## REQUIRED ACTION:
Could you filter the records below down to the lines that include the word "Canvas"?

## INFORMATION PROVIDED:
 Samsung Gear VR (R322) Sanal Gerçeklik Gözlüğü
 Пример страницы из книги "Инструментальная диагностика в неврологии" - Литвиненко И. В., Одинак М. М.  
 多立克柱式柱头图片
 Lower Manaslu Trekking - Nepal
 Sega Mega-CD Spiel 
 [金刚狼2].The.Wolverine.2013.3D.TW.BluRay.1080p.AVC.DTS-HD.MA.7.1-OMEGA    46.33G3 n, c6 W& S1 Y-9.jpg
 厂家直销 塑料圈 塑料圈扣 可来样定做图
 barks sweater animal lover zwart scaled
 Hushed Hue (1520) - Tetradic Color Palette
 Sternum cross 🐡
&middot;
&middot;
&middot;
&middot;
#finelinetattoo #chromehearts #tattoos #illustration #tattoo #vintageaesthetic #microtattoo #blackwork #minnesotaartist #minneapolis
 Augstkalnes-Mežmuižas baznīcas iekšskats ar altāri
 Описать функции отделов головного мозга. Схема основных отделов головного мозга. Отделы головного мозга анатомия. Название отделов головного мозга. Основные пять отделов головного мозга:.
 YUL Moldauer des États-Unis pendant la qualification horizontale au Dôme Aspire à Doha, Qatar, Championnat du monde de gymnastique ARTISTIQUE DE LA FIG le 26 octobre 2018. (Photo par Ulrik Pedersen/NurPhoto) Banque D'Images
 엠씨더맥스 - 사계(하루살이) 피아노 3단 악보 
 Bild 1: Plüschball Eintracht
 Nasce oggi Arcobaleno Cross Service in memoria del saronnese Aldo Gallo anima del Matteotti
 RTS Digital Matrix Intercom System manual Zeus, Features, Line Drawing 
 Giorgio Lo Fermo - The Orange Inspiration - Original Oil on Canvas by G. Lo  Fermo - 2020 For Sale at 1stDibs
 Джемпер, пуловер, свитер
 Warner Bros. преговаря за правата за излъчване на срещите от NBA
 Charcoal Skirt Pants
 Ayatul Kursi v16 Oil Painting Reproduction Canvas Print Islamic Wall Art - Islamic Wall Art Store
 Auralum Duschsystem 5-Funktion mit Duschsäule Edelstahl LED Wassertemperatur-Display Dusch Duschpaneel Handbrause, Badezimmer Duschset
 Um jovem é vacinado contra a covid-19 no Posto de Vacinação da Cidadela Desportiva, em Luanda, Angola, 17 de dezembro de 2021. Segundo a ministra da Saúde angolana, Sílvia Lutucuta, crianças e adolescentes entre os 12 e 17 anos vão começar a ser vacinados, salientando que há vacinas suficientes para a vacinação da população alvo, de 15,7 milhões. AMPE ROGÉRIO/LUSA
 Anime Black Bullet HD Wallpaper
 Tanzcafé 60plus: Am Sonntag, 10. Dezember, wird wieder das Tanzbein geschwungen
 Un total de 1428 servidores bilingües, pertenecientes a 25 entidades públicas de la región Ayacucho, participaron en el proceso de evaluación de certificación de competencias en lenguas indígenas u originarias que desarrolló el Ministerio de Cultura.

## RESULT OF THE EXERCISE:
 Giorgio Lo Fermo - The Orange Inspiration - Original Oil on Canvas by G. Lo  Fermo - 2020 For Sale at 1stDibs
 Ayatul Kursi v16 Oil Painting Reproduction Canvas Print Islamic Wall Art - Islamic Wall Art Store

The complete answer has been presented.